Chesapeake Urology, Towson, MD.
Analysis Group, Inc., Montréal, QC, Canada.
Urol Oncol. 2023 May;41(5):253.e1-253.e9. doi: 10.1016/j.urolonc.2023.03.003. Epub 2023 Apr 13.
Deep prostate-specific antigen (PSA) response, defined as a ≥90% decline in PSA (PSA90), is an important early response indicator for achieving radiographic progression-free and overall survival in patients with metastatic castration-sensitive prostate cancer (mCSPC) treated with a next-generation androgen signaling inhibitor (ASI), such as apalutamide or enzalutamide. The objective of this study was to compare deep PSA response among patients with mCSPC newly initiated on apalutamide or enzalutamide.
Clinical data from 69 community urology practices in the United States were evaluated. Patients with mCSPC were classified into cohorts based on their first dispensation (index date) for apalutamide or enzalutamide and were followed until the earliest of treatment discontinuation, initiation of a new next-generation androgen receptor signaling inhibitor, end of clinical activity (including death), or end of data availability (03/05/2021). Inverse probability of treatment weights (IPTW) were used to reduce baseline confounding. PSA90 was defined as the earliest ≥90% PSA decline relative to baseline PSA. The proportion of patients achieving PSA90 and time to PSA90 were reported using weighted Kaplan-Meier analysis and weighted Cox proportional hazards models, respectively.
The apalutamide and enzalutamide cohorts comprised 186 and 165 patients, respectively. Patient characteristics were generally well balanced after IPTW. By 6 months, patients initiated on apalutamide had a 56% greater likelihood of attaining PSA90 than those initiated on enzalutamide (P = 0.014). This result remained significant through the end of the observation period. The median time to achieving PSA90 was 3.1 months with apalutamide and 5.2 months with enzalutamide.

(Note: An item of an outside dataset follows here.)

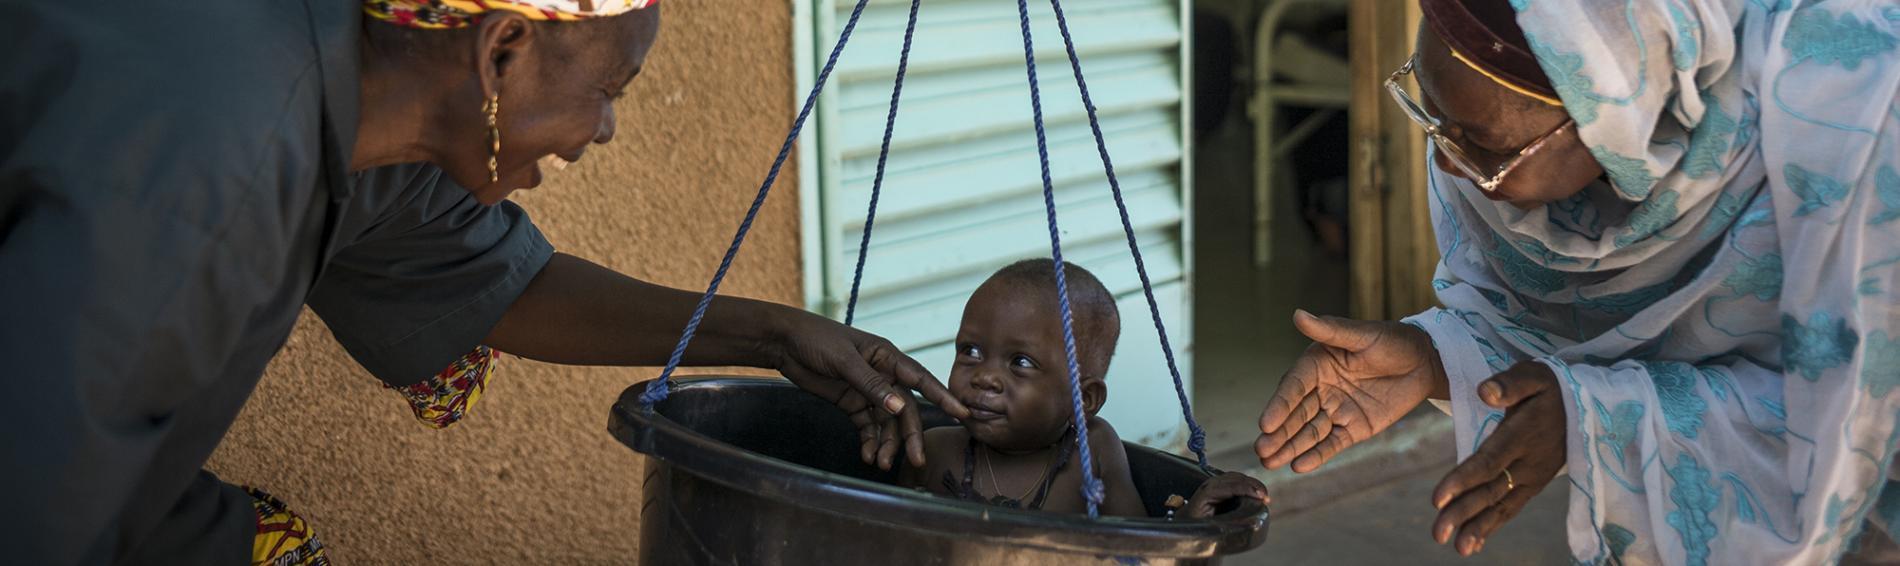 Kind wird auf Mangelernährung untersucht. Foto: Olivier Papegnies

This real-world study demonstrated that apalutamide initiation is associated with a significantly higher likelihood of achieving ≥90% reduction in PSA as compared to initiation of enzalutamide. Moreover, this deep PSA response was observed to occur earlier with apalutamide treatment than with enzalutamide.
深度前列腺特异性抗原(PSA)应答定义为 PSA 下降≥90%(PSA90),是接受下一代雄激素信号抑制剂(ASI)治疗的转移性去势敏感前列腺癌(mCSPC)患者实现影像学无进展和总生存的重要早期应答指标,此类 ASI 包括阿帕鲁胺或恩扎卢胺。本研究旨在比较新诊断为 mCSPC 的患者中,阿帕鲁胺和恩扎卢胺起始治疗后的深度 PSA 应答。
对美国 69 家社区泌尿科实践中的临床数据进行了评估。根据患者阿帕鲁胺或恩扎卢胺的首次配药(索引日期),将患者分为队列,并随访至治疗停止、开始新的下一代雄激素受体信号抑制剂、临床活动结束(包括死亡)或数据可用结束(2021 年 3 月 5 日)。采用逆概率治疗权重(IPTW)降低基线混杂。PSA90 定义为与基线 PSA 相比最早的 PSA 下降≥90%。使用加权 Kaplan-Meier 分析和加权 Cox 比例风险模型分别报告达到 PSA90 的患者比例和 PSA90 时间。
阿帕鲁胺和恩扎卢胺队列分别包含 186 例和 165 例患者。经 IPTW 后,患者特征基本均衡。在 6 个月时,起始阿帕鲁胺治疗的患者 PSA90 应答的可能性比起始恩扎卢胺治疗的患者高 56%(P=0.014)。这一结果在观察期结束时仍然显著。达到 PSA90 的中位时间为阿帕鲁胺 3.1 个月,恩扎卢胺为 5.2 个月。
这项真实世界研究表明,与恩扎卢胺相比,阿帕鲁胺起始治疗与 PSA 降低≥90%的可能性显著增加相关。此外,与恩扎卢胺相比,阿帕鲁胺治疗更早出现这种深度 PSA 应答。